**Work instruction**. In the entries below, which lines run from the one containing "HK SP5K to MP5KSD conversion" to the one containing "Hot Air Balloon"? Copy exactly those lines, ends included, and no others.

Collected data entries
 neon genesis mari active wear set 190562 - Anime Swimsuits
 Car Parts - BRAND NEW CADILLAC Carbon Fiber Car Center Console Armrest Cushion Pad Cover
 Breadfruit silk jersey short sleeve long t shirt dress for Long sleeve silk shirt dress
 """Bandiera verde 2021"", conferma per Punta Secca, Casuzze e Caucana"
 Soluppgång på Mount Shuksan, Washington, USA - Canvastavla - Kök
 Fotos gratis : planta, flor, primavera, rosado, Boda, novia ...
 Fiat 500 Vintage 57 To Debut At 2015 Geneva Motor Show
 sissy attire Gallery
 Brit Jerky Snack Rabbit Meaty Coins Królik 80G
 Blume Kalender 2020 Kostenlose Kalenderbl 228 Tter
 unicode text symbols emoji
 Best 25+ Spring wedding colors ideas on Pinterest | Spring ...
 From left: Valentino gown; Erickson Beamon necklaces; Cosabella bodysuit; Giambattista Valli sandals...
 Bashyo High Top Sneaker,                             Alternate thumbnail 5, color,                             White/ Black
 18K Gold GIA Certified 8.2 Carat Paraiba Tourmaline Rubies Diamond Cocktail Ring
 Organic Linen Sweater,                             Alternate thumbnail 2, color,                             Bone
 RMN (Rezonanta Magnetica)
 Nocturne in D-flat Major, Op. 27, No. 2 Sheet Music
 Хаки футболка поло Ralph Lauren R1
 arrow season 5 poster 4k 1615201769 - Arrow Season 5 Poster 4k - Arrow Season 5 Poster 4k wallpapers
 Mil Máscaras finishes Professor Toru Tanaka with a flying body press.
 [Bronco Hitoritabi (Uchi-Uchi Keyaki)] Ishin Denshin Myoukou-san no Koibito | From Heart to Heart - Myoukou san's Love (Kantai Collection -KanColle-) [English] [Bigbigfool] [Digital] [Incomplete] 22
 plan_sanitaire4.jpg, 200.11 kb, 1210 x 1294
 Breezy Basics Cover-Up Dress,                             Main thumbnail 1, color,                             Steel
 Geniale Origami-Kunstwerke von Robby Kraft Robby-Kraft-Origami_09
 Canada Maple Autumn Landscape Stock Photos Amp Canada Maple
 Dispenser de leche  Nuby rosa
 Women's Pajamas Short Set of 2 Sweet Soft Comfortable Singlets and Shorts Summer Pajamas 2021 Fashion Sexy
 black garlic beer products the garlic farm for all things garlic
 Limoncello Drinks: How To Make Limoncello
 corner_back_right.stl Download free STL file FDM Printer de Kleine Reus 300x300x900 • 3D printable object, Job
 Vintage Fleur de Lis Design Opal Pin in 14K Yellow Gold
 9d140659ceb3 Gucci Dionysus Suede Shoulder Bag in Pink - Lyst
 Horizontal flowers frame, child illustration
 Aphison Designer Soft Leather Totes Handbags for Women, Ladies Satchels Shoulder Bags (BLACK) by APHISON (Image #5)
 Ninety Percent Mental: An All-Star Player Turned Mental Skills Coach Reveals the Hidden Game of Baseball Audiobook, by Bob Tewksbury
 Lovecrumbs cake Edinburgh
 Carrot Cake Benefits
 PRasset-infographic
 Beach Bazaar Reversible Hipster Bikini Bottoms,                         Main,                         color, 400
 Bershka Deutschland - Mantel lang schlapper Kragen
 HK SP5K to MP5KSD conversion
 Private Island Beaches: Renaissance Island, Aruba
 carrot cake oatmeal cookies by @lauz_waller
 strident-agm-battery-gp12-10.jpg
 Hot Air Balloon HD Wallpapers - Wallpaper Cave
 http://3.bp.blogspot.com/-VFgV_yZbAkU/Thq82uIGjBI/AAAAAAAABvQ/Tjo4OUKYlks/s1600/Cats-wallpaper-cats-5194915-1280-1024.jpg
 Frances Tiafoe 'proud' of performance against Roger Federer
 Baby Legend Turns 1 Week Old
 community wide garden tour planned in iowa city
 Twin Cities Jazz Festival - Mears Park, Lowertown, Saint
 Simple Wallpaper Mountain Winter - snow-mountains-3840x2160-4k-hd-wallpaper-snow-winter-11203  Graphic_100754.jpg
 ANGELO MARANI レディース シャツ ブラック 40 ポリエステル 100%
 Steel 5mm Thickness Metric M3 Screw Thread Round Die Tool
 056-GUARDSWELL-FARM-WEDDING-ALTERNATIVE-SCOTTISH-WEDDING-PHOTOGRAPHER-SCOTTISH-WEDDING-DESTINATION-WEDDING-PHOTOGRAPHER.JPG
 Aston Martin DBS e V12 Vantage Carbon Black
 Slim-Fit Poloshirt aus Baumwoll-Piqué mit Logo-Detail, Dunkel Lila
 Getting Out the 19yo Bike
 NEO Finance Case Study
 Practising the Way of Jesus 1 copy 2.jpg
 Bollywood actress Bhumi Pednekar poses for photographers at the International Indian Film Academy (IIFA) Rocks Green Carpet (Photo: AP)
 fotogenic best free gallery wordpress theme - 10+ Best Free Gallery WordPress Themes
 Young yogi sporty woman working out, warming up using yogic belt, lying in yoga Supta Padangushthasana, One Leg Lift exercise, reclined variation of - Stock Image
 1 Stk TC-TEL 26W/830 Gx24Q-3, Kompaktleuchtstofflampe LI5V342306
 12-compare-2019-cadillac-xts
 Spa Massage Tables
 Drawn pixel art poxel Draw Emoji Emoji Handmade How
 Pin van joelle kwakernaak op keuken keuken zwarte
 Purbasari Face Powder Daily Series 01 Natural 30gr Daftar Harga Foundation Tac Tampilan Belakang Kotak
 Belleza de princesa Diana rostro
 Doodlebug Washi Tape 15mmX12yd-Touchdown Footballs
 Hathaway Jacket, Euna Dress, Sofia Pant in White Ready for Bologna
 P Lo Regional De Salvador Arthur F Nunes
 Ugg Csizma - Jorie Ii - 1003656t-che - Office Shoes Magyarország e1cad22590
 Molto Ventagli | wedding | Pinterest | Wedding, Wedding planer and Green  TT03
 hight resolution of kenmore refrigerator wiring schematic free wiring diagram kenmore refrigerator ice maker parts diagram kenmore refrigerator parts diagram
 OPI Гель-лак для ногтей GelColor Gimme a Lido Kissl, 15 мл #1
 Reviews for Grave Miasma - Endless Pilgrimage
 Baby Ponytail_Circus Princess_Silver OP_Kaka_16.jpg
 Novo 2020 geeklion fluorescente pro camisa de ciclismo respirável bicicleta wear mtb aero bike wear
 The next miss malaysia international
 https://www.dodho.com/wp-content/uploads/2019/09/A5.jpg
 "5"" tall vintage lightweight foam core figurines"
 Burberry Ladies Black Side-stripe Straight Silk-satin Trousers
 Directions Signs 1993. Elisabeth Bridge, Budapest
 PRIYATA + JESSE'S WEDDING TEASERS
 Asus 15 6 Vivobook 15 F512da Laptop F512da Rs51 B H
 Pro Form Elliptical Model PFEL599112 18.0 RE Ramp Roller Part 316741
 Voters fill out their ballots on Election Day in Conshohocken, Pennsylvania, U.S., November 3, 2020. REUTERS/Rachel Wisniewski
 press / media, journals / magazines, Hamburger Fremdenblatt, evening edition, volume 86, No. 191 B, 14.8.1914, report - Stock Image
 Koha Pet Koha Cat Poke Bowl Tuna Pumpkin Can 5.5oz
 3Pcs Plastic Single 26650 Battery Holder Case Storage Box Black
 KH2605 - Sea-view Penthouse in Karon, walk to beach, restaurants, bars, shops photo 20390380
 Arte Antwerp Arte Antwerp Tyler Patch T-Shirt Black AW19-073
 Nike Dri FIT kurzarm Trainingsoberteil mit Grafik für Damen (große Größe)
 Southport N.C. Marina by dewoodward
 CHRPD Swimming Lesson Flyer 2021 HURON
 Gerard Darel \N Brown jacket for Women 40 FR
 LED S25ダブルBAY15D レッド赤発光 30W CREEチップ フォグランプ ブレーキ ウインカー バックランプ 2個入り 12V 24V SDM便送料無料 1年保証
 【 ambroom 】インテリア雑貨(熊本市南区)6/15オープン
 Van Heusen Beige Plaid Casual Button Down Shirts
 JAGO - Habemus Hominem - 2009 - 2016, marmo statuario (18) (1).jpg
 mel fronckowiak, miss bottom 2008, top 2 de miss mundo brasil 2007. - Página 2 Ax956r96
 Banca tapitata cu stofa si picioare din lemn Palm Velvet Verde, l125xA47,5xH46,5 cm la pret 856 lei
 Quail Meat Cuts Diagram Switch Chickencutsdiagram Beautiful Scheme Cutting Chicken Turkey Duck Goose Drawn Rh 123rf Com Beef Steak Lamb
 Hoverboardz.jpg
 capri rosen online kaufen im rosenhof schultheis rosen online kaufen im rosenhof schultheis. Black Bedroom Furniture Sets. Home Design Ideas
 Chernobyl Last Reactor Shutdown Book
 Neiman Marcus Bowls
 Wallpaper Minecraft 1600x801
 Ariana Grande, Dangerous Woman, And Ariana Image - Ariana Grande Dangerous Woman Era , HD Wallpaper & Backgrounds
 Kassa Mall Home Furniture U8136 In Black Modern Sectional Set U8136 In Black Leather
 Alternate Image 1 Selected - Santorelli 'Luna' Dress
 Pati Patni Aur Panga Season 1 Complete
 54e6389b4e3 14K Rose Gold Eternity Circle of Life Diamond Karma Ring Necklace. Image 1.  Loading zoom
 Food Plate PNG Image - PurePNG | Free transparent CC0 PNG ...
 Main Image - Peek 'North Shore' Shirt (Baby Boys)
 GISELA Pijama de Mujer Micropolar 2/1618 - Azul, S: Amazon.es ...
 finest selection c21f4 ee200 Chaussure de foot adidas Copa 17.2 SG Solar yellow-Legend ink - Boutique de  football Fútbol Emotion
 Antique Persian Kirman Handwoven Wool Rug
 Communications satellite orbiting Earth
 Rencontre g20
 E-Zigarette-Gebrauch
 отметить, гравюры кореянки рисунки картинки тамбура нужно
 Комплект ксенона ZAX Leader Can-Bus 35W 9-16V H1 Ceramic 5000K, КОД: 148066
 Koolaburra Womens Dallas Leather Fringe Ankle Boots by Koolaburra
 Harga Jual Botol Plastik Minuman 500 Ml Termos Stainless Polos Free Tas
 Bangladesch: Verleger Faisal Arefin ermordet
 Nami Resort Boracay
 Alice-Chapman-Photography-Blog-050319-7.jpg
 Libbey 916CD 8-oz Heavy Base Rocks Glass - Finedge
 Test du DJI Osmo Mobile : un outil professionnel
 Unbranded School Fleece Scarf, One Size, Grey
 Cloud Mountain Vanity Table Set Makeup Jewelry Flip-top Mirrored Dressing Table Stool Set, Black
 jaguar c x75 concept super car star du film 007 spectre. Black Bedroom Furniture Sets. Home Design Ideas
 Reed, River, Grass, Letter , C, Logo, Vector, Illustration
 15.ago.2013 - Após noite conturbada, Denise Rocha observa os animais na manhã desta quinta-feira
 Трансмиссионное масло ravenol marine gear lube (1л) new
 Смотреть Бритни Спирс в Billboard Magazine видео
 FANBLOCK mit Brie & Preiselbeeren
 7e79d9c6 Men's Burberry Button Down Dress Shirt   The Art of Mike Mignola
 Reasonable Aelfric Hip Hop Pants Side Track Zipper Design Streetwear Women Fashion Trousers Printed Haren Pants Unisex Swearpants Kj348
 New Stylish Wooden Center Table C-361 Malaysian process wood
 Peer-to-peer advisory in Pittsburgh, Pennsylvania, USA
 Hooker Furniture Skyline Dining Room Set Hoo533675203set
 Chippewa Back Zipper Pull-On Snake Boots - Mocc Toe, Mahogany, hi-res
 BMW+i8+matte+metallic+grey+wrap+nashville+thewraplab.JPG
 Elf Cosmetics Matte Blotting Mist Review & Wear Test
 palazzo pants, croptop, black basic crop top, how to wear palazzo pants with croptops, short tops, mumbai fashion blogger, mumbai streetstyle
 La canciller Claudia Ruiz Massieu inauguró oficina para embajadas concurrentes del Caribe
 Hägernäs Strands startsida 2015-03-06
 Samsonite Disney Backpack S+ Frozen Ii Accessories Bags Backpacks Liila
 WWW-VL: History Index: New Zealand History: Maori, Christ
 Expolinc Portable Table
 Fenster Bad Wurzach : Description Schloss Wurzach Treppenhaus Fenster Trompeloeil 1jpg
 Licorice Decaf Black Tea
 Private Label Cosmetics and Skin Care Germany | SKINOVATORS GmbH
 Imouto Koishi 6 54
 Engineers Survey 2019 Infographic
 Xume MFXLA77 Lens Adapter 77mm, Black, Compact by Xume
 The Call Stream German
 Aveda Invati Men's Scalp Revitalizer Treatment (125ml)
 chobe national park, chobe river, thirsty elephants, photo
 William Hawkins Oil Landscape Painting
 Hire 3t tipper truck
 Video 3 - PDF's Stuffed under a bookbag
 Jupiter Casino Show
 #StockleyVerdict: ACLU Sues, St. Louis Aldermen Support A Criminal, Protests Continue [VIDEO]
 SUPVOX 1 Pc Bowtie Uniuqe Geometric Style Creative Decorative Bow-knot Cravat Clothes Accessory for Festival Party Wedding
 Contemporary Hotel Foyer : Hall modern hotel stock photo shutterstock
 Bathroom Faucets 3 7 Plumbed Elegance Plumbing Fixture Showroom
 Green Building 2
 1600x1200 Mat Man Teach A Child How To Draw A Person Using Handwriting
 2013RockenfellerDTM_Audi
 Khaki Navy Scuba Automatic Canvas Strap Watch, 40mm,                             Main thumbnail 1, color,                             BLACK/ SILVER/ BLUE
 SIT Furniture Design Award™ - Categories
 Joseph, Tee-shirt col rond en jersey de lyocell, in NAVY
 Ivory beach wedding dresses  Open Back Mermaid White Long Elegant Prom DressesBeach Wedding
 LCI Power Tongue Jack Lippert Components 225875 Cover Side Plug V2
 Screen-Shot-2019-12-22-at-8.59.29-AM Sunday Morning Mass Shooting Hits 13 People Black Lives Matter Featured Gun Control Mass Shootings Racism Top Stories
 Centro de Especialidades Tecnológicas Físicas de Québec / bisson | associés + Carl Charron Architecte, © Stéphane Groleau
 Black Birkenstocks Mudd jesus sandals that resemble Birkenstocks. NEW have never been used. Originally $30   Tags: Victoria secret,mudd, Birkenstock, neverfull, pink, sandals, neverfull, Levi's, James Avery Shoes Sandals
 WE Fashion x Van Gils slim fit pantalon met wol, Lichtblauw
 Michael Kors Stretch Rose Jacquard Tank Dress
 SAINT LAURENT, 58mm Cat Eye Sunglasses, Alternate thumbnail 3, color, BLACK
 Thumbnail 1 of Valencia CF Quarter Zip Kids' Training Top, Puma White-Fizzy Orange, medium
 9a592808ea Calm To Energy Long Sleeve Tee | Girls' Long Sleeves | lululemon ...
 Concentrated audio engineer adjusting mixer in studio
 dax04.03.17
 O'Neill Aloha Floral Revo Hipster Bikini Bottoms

**Response**.
 HK SP5K to MP5KSD conversion
 Private Island Beaches: Renaissance Island, Aruba
 carrot cake oatmeal cookies by @lauz_waller
 strident-agm-battery-gp12-10.jpg
 Hot Air Balloon HD Wallpapers - Wallpaper Cave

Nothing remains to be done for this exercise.